Thanks for all the effort put into the site!
I have very mixed feelings about Standard Ebooks and would much prefer being able to use Project Gutenberg directly, but one good thing Standard Ebooks does is that every book has an associated git repository (on GitHub), so it's (in principle) possible to see a history of fixes to the text over time.
Less than three is a classic!
Edit: welcome to your first comment after 9 years on HN btw, nice to have you here!
I was unable to load it initially (got an error from firefox) and had to re-attempt. Still slow if one forces a reload (shift-r, etc, to not use local cache).
I have about 50k of the books, I would have used a torrent of just the txt files if it was prominent.

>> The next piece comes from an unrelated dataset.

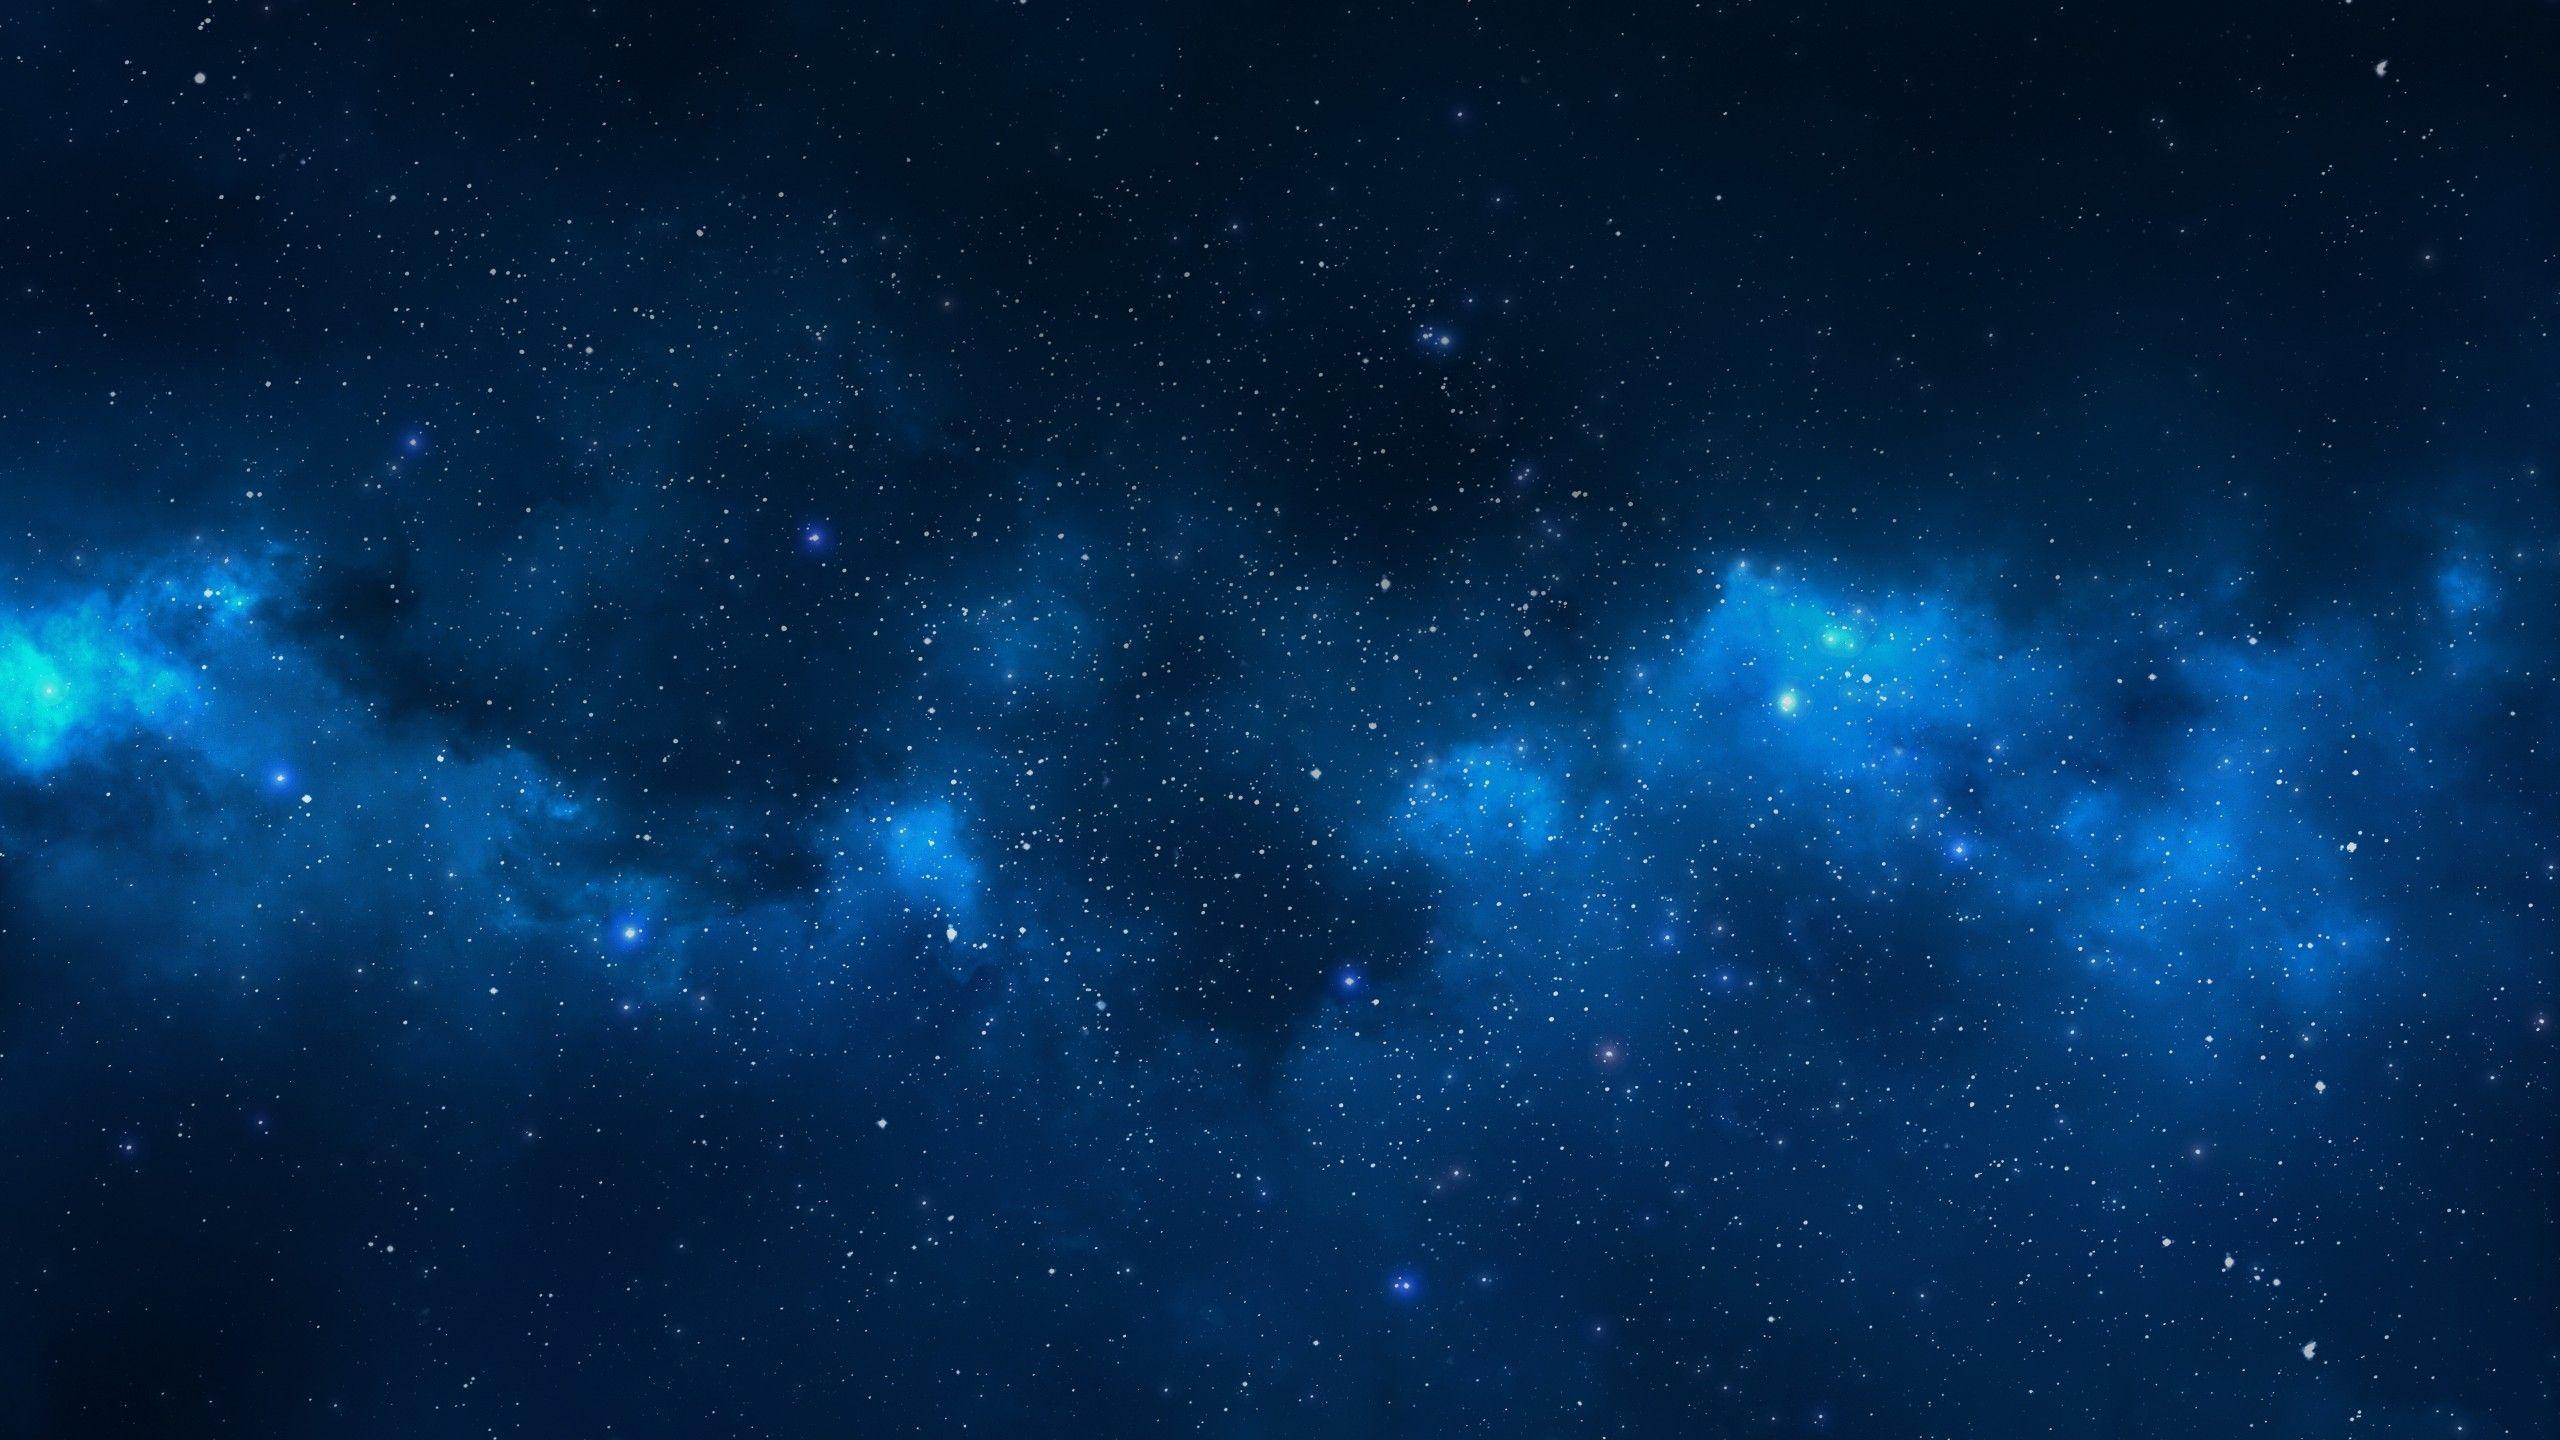 Stars Galaxies Wallpaper Papel De Parede Computador Ceu Estrelado Papel De Parede Do Notebook

The ISP actually knows which subscriber is on that line, can send them notices, block them, terminate them... loads of things that you simply cannot do because you have no relation to this person. And frankly I wouldn't want to need to have a personal relation with every website that I visit; my ISP can reach me if there is anything relevant to continued use of the internet. From personal experience, when I was a teenager, the ISP cutting our household off after an abuse report was an effective way of stopping what I was doing
Keep up the good work!
I've since discontinued hosting it, but happy to add you all and merge into an official PG offering: https://www.reddit.com/r/SideProject/s/VtYKxjrMme
On the site I noticed the library boxes have roughly a single extra line causing a scrollbar to appear and the last line to be chopped off https://i.imgur.com/PQ8T0qc.png is there an issues/bug portal to properly submit these kinds of things?
autocat3 and gutenbergsite are repos responsible for generating gutenberg.org
(I can’t quite tell if that’s an egregious abuse of the site or you’re perfectly fine to share without human eye balls hitting your www?)
https://www.gutenberg.org/ebooks/offline_catalogs.html
Perhaps you can find the information you are looking for there.
However if you plan on scraping or otherwise hitting them with a ton of traffic, consider at least to donate a good amount for the traffic you cause them. It ain't free after all.
> All Project Gutenberg metadata are available digitally in the XML/RDF format. This is updated daily (other than the legacy format mentioned below). Please use one of these files as input to a database or other tools you may be developing, instead of crawling or roboting the website.
And strongly consider a donation! (My addition)
https://www.gutenberg.org/ebooks/offline_catalogs.html#the-p...
Don't hit the site with agent. The section furtherst bottom machine readable.